Smart Food Strategies

Follow Wansink's advice by using these simple tricks.

How to Reach Your Goal Weight Without Even Trying

"If you cut 100 to 200 calories a day, you'll lose 10 to 20 pounds a year. The great thing about this fact is that 100 to 200 calories is what I call the mindless margin. We found that people don't even notice if they eat that much less. They feel just as full. So one very easy way to cut those calories is to always serve yourself 20 percent less than you normally would. Generally, that's four or five fewer bites dished onto your plate."

The Simple Trick for Eating More Veggies

"The more variety there is, the more we eat. This is true at salad bars, so it makes sense that at home, you'll eat more salad if you toss in more healthy, low-calorie things. Likewise, you'll probably eat more vegetables if you serve a medley of them, and not just, say, a plate of broccoli. Another trick is to keep the salad and vegetables on the table but leave the meat and starches on the stove. The more convenient a food is, the more we'll eat it; and the more hassle it is to get it, the less we'll eat."
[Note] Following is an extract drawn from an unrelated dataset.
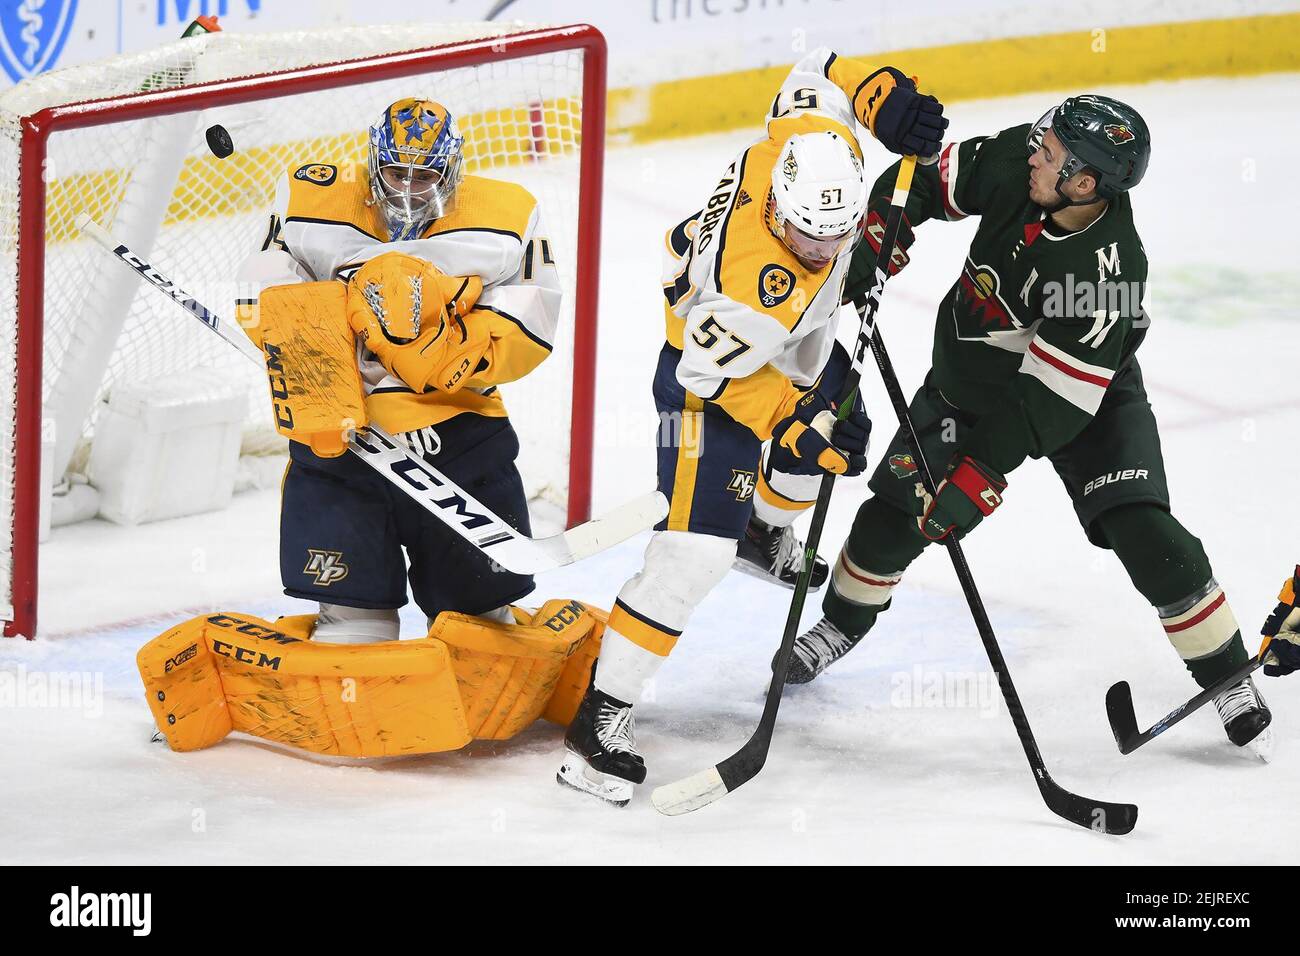 Nashville Predators goaltender Juuse Saros (74) turns away a shot as the Minnesota Wild's Zach Parise (11) vies for position with defenseman Dante Fabbro (57) in the first period on Tuesday, March 3, 2020 at the Xcel Energy Center in St. Paul, MInn. The Wild won, 3-1. (Aaron Lavinsky/Minneapolis Star Tribune/TNS) Stock Photo
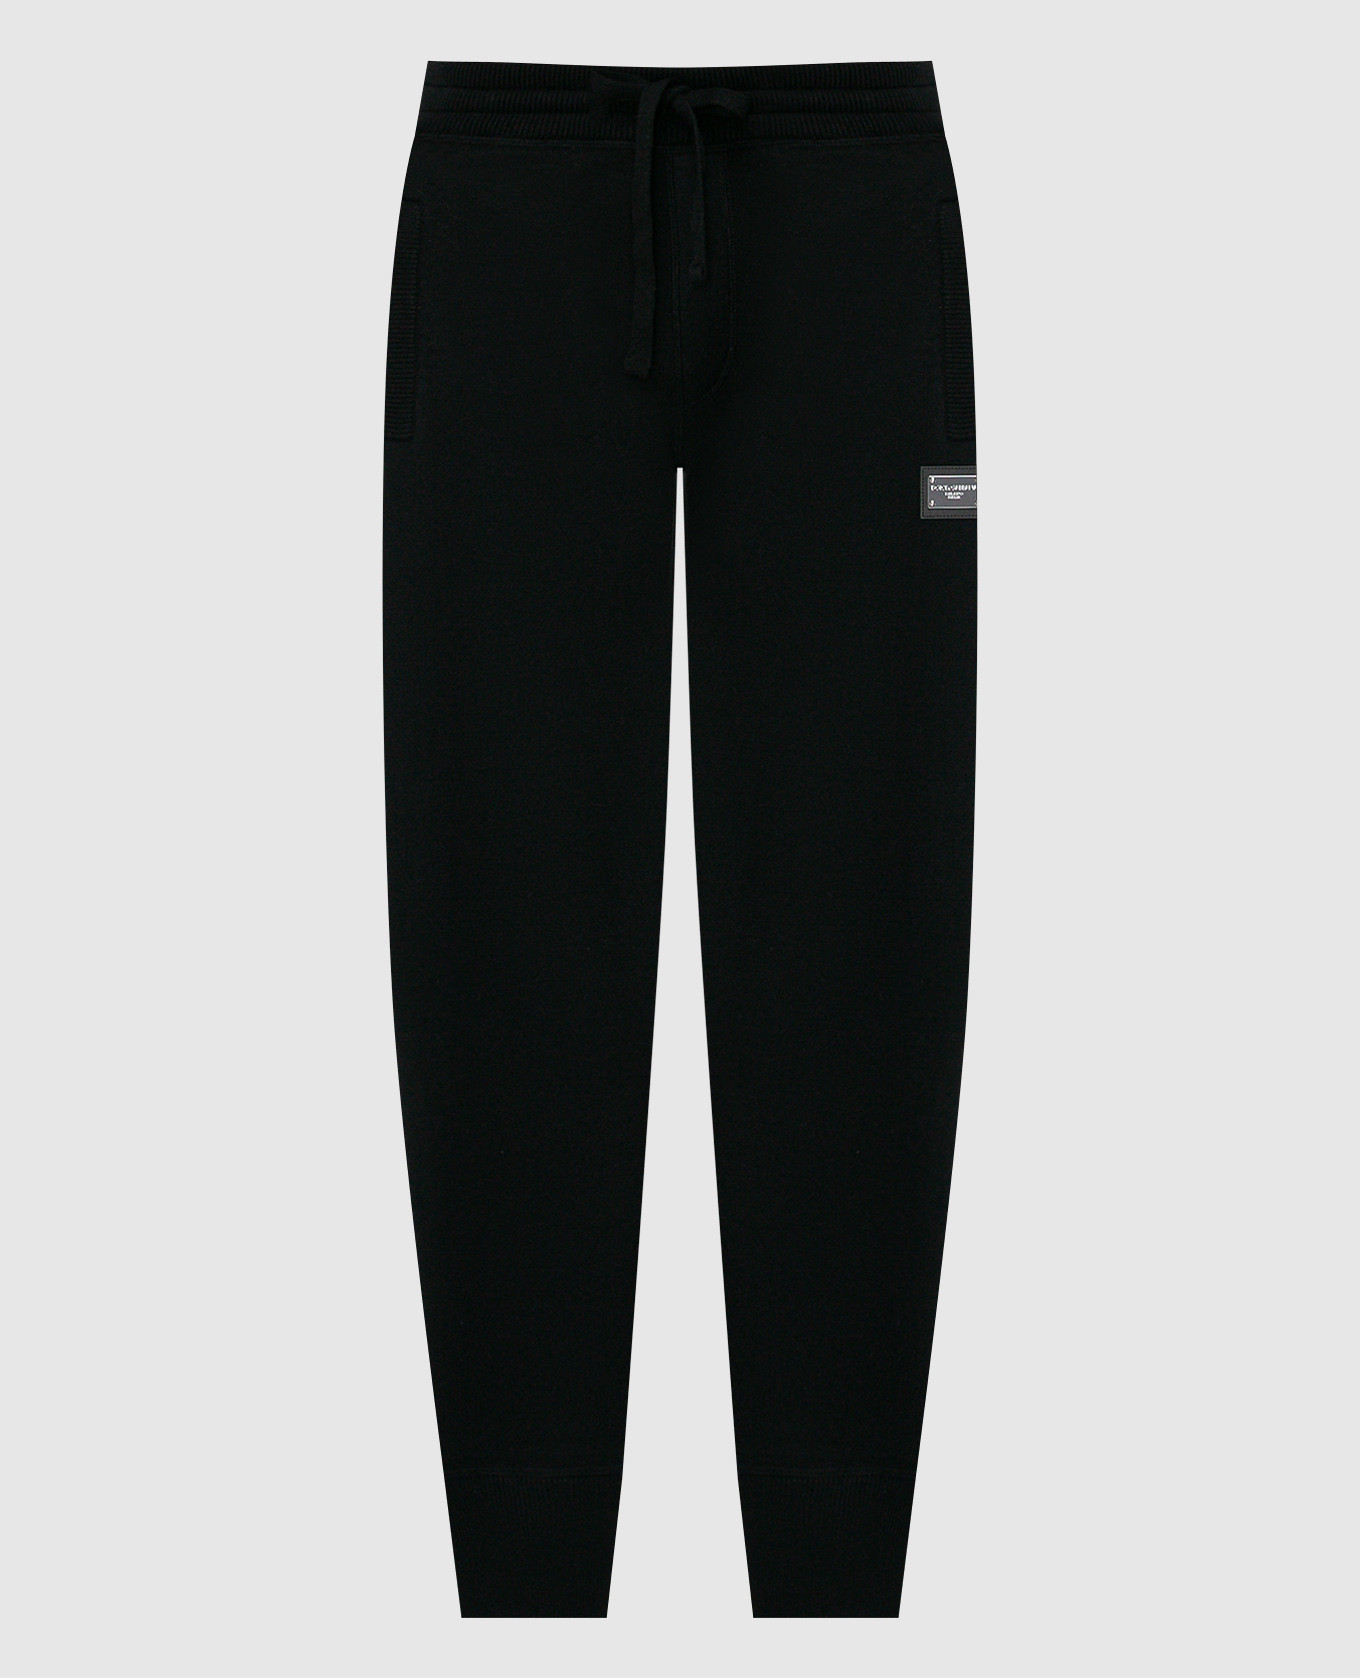 Black wool and cashmere joggers with metallic logo

The Best Thing You Can Do for Yourself Today

"Think about your dieting weaknesses or danger zones, and come up with three food trade-offs or policies. For example, if ice cream is your downfall, make a pact with yourself that every time you eat a bowl, you have to walk two miles, or however far you would walk for a bowl. Or if you're not so great about eating fruit, don't allow yourself to eat anything until you've had one piece of fruit. The key is not to say, "I'll never eat ice cream again." Or, "I can eat only an apple for breakfast." For a diet to work, you've got to customize it to your eating tendencies. You've also got to be reasonable, which is why I suggest only three food trade-offs and policies. They're not too burdensome, and if you slip up with one, you've still followed two, which together add up to that 200-fewer-calories goal."

Chew on This

"At the lab, we're surrounded by food all the time, and it's a fact that the more you think of a food, the more likely it is you'll eat it, and the more of it you'll eat. Our secret way to prevent constant snacking: Chew strong mint gum -- we like Dentyne Ice or Wrigley's Xtra. It's so overpowering that all other foods lose their appeal because nothing goes well with that flavor."